Speaking to Rossier the following morning, he revealed Parade participants had been filmed in the barracks, travelling across a10 metre stage. Magnification made these sequences large enough to cover one wall of the rectangular parade ground. Editing and projection created the appearance of participants entering at one corner and disappearing around the next.  

Movement filmed across short distances opened up participation in the Parade to people with mobility and health issues, in a way that physically journeying around the whole parade ground, repeated over three nights, never could. 

Filmed over six bitterly cold days, choreographer Chloe Sayers had to keep participants’ spirits and energy up as they devised ways of travelling across 10 metres that represented their personality, role and creativity. Sayers specialises with creating events with the public rather than professional dancers, and says that enabling people to express themselves through movement in spaces not always thought of as welcoming, breaks down barriers and creates a sense of ownership. 

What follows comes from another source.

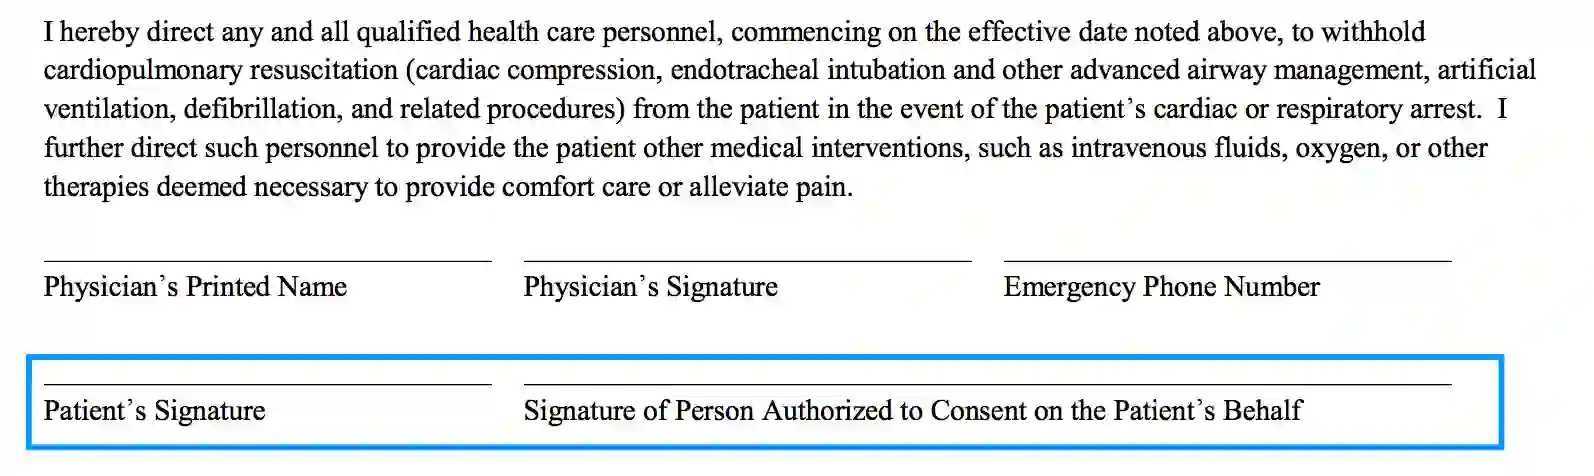 step 3.1 to filling out the virginia dnr form - make the patient and the physician affix their signatures

Some of the funniest moments in Berwick Parade were rare breeds sheep hogging the limelight like divas, and children clowning around with policemen’s helmets and clipboards. Rosier says primary school years are a sweet spot for performance. ”I love the energy kids bring. We had all age groups, but the six- to 10-year-olds bring so much energy. They just bounce. They have no inhibitions but are good at following instructions. At 12 or 13 heads start to drop and they become more self-aware.” 

Rosier drew on his Irish Catholic mother’s tradition of ceremony and celebration with food and drinking, whether for a wedding or a funeral, to make Berwick Parade a fun place to hang out - food stalls included - beyond the performance. “I want people to have a nice time and not be subservient to the thing they have come to watch.” 

Berwick Parade shows you can draw community from a stone, forbidding, large grey stones at that. Paraders and audience were dazzled and dignified, seeing themselves anew. 

At King Charles’ coronation, the church’s ceremonial superpower was on display to the world. And as artists demonstrate, ceremony does not have to be confined to great occasions. Churches in all traditions can draw on their legacy of historic touchpoints between faith and community, to reinvent, reinstate and refresh rituals to engage with people’s contemporary concerns and hope.